**EXERCISE INSTRUCTIONS**
Of the lines in the data below, write out exactly those from the one holding "Guest Room Queen/Queen Sleeper Beds" through the one holding "SP500 Eurostoxx50 ratio vs Dollar index", both included.

[Saved data entries]
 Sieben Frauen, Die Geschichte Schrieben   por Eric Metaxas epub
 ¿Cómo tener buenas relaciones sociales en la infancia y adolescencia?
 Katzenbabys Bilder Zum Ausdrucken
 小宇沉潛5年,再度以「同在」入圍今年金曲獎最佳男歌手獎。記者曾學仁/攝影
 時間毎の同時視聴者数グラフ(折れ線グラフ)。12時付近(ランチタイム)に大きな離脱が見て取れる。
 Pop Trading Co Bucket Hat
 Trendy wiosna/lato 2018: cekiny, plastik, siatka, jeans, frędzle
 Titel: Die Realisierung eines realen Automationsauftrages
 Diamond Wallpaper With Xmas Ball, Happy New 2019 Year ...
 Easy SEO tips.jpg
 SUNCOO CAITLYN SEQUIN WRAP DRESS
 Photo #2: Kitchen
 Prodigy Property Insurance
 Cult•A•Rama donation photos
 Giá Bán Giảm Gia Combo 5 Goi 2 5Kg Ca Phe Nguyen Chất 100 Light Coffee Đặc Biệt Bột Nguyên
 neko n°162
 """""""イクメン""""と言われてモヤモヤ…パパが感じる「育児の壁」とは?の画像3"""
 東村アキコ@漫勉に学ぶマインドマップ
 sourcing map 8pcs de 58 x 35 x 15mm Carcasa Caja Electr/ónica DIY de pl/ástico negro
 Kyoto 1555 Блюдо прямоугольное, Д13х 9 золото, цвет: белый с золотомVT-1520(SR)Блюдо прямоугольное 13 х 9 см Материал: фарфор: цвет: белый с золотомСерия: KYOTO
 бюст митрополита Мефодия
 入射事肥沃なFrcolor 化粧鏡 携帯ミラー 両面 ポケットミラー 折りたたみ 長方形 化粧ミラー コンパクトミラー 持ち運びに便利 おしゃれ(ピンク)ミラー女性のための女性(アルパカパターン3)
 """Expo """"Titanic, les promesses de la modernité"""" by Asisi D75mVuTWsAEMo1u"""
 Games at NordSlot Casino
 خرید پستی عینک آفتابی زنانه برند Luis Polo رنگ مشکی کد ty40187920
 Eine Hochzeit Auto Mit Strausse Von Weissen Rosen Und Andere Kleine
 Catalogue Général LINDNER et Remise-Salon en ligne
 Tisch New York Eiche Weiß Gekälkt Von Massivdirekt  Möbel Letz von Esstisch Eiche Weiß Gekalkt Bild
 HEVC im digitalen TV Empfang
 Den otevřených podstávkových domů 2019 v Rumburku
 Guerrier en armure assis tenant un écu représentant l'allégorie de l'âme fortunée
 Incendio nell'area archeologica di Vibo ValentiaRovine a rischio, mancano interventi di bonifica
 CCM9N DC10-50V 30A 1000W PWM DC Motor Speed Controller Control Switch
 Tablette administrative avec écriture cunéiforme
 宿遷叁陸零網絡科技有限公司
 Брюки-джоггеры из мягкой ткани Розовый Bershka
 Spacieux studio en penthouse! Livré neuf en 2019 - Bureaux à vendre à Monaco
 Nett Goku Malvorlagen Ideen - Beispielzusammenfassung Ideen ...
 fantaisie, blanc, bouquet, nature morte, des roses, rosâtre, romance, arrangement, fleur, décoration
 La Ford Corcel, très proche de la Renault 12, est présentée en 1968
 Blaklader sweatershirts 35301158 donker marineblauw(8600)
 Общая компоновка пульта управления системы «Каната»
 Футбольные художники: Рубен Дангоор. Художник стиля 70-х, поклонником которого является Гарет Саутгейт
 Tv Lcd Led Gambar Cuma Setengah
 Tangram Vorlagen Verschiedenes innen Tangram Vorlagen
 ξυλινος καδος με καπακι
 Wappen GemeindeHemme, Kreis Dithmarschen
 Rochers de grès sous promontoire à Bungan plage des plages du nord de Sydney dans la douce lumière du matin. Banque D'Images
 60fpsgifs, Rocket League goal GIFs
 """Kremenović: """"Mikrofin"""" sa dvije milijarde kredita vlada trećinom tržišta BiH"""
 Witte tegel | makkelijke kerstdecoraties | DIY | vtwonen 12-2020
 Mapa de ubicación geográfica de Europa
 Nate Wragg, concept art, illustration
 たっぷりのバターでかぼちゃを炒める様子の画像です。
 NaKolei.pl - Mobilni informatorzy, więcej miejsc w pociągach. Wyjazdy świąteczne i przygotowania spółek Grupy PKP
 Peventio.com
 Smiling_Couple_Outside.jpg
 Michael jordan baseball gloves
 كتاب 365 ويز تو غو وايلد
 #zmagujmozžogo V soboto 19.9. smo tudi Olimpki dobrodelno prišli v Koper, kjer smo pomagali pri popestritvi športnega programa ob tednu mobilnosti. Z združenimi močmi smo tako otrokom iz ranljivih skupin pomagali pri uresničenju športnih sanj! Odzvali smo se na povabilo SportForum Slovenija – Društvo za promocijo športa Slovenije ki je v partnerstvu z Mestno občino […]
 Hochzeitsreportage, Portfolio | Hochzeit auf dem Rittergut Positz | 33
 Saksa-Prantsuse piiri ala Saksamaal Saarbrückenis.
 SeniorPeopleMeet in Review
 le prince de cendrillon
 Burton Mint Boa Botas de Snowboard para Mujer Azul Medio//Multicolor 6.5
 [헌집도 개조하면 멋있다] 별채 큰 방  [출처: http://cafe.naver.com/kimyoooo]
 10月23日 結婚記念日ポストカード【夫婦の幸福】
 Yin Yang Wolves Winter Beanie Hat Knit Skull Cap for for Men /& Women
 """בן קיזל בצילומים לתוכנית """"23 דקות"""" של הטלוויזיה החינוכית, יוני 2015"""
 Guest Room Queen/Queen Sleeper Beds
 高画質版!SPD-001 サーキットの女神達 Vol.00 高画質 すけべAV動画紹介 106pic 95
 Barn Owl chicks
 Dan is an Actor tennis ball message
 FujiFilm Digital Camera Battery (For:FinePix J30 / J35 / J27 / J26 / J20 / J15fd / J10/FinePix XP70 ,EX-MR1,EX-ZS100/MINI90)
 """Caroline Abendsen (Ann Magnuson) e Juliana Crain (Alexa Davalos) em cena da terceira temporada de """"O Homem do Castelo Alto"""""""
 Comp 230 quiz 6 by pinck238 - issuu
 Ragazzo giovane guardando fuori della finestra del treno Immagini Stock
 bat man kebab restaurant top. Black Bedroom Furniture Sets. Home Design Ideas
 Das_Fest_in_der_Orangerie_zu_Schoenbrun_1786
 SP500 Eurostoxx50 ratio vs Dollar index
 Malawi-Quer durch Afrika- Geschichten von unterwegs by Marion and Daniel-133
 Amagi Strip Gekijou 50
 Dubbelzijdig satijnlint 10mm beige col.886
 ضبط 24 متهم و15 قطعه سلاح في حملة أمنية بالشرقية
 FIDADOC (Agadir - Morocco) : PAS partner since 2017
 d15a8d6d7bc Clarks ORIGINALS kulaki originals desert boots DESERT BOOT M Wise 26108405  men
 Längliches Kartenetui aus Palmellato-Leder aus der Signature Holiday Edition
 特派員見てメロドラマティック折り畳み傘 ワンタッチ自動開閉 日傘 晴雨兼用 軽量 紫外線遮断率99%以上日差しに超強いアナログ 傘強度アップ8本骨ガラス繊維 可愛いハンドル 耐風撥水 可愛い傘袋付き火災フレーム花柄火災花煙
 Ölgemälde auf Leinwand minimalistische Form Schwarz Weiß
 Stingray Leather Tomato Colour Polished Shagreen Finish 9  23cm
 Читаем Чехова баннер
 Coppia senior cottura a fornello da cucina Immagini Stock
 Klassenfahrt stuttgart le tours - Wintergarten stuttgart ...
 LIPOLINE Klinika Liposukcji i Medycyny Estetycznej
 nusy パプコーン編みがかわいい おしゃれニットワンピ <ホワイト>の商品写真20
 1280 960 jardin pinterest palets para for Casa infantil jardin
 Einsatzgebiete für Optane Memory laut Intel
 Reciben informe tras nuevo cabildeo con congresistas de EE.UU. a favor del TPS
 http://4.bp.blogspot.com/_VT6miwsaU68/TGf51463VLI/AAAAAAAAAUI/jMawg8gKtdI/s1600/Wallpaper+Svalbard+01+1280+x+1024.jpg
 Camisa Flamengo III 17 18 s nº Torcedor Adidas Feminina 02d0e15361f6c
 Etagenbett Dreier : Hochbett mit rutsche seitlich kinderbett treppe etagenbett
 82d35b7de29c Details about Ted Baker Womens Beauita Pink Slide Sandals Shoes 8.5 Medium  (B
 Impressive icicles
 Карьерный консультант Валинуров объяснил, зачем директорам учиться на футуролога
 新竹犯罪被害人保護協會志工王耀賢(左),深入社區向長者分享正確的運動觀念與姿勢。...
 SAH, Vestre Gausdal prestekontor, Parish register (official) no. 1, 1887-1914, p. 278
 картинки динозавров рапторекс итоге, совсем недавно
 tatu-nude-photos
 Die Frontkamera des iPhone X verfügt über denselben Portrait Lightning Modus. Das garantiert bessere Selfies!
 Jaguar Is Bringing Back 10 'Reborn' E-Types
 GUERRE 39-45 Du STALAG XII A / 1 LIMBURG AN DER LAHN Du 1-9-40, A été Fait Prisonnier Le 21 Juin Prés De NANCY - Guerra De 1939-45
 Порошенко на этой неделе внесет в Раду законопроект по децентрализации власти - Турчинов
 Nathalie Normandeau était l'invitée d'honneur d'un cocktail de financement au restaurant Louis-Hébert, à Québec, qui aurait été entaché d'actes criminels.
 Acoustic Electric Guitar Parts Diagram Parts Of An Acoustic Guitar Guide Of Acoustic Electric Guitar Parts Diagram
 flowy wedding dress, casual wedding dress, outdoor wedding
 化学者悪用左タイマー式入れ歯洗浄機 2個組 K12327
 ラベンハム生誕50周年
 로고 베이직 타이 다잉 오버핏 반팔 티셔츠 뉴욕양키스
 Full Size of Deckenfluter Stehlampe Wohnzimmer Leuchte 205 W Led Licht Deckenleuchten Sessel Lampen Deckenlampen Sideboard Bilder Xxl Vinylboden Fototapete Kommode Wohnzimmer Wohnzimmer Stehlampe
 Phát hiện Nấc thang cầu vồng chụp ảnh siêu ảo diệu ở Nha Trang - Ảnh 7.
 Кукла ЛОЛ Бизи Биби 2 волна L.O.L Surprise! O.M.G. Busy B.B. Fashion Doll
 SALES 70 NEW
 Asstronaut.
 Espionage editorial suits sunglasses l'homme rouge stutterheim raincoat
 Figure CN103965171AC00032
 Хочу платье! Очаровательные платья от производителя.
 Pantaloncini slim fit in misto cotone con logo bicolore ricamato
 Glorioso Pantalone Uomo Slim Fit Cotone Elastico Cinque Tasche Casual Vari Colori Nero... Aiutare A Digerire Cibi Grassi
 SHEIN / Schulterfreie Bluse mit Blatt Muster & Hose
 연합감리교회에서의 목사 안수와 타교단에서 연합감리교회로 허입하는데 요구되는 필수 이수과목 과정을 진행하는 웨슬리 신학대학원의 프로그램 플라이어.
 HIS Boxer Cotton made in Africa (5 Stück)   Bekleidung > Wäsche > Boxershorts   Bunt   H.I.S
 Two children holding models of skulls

**OUTPUT FOR THIS EXERCISE**
 Guest Room Queen/Queen Sleeper Beds
 高画質版!SPD-001 サーキットの女神達 Vol.00 高画質 すけべAV動画紹介 106pic 95
 Barn Owl chicks
 Dan is an Actor tennis ball message
 FujiFilm Digital Camera Battery (For:FinePix J30 / J35 / J27 / J26 / J20 / J15fd / J10/FinePix XP70 ,EX-MR1,EX-ZS100/MINI90)
 """Caroline Abendsen (Ann Magnuson) e Juliana Crain (Alexa Davalos) em cena da terceira temporada de """"O Homem do Castelo Alto"""""""
 Comp 230 quiz 6 by pinck238 - issuu
 Ragazzo giovane guardando fuori della finestra del treno Immagini Stock
 bat man kebab restaurant top. Black Bedroom Furniture Sets. Home Design Ideas
 Das_Fest_in_der_Orangerie_zu_Schoenbrun_1786
 SP500 Eurostoxx50 ratio vs Dollar index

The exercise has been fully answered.